DIRECTIONS FOR THIS TASK » Copy the lines below word for word, skipping any image.

RAW DATA »
- - - - -
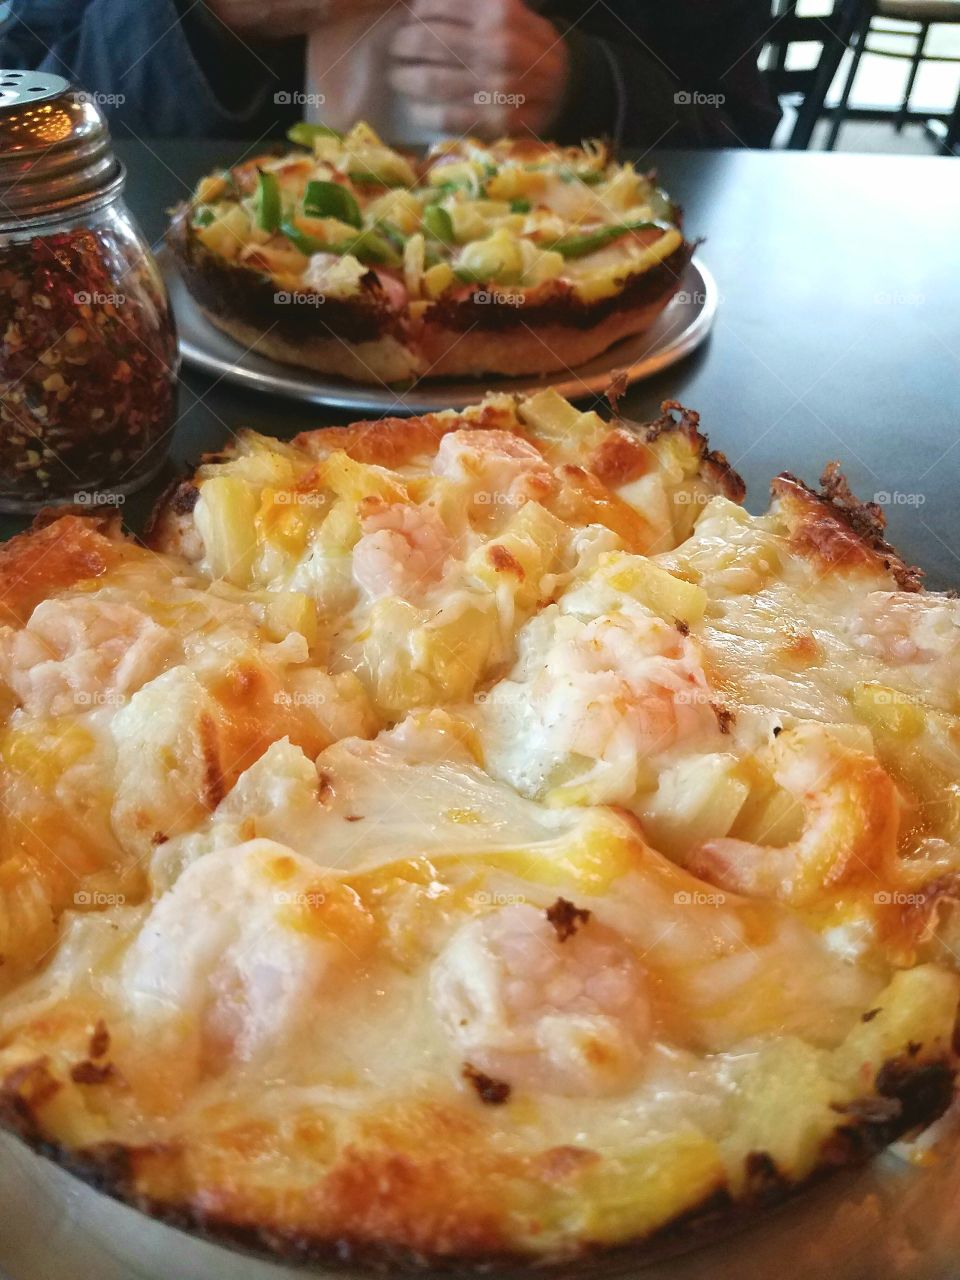 shrimp and pineapple 
pizza
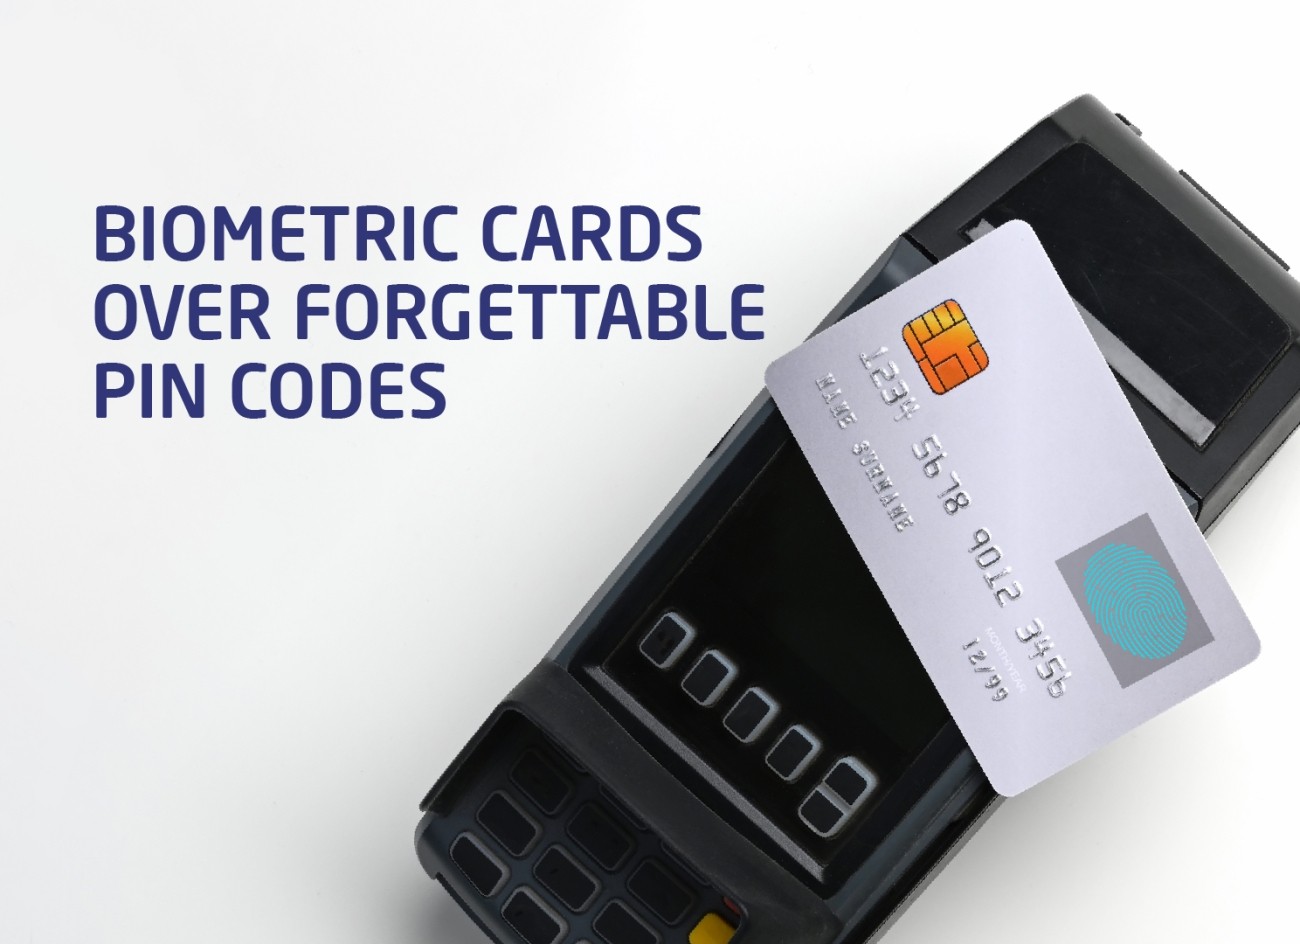 Biometric Cards Over Forgettable PIN Codes
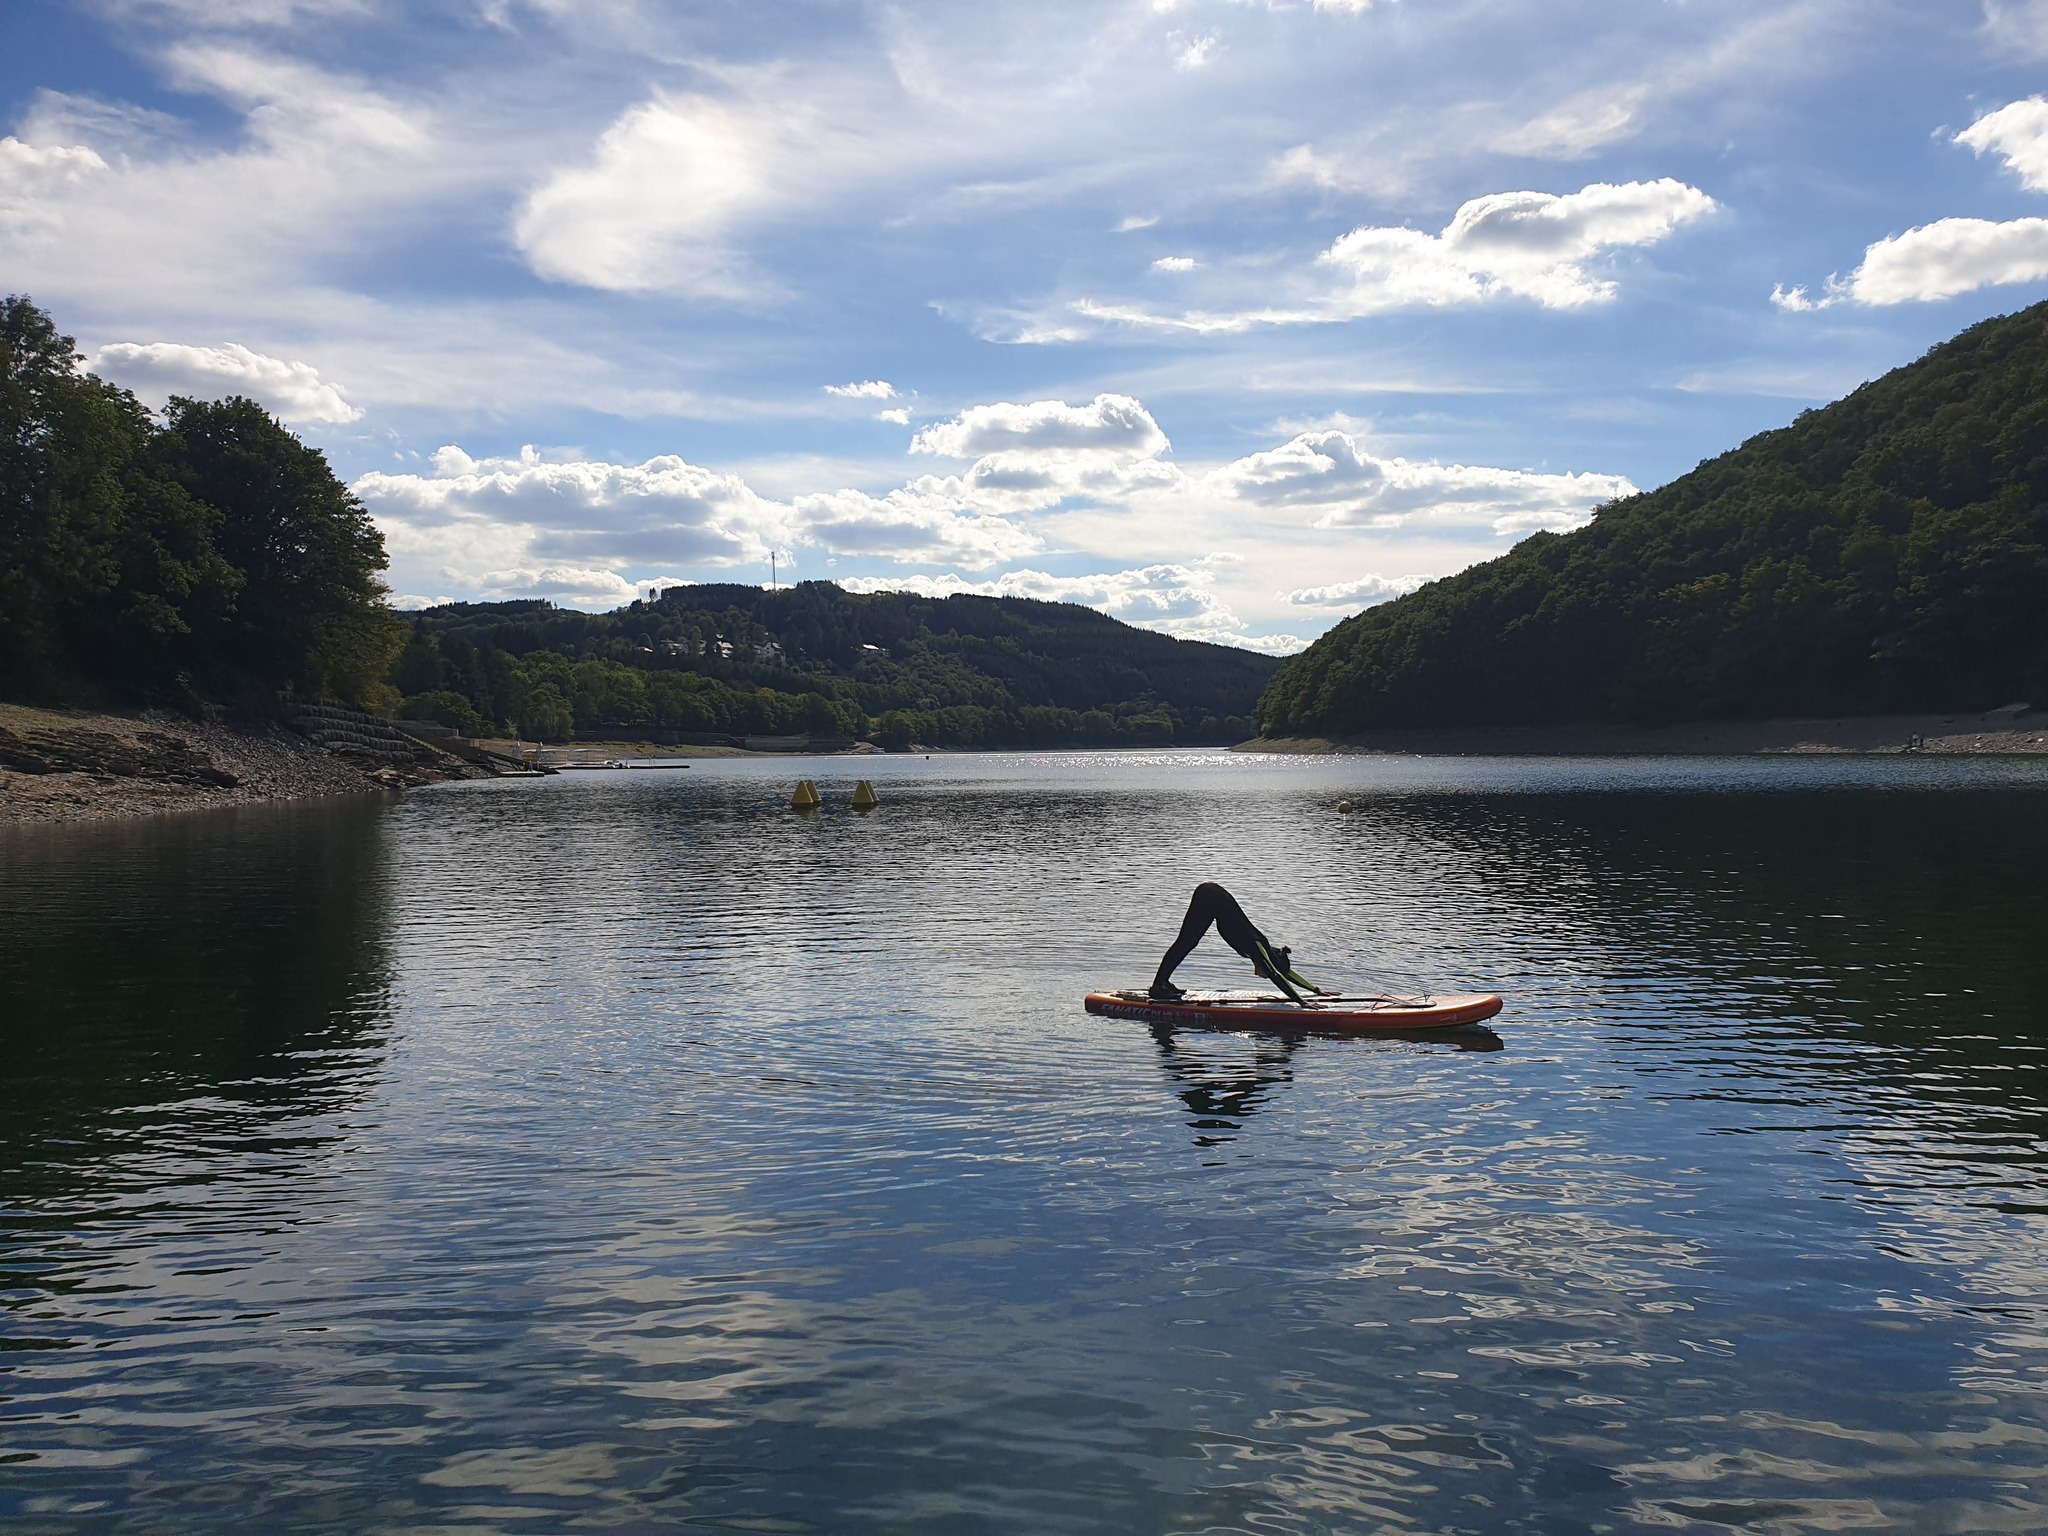 Yoga SUP after work courses on the Upper Sûre lake
- - - - -
ANSWER SPACE »
 shrimp and pineapple 
pizza
 Biometric Cards Over Forgettable PIN Codes
 Yoga SUP after work courses on the Upper Sûre lake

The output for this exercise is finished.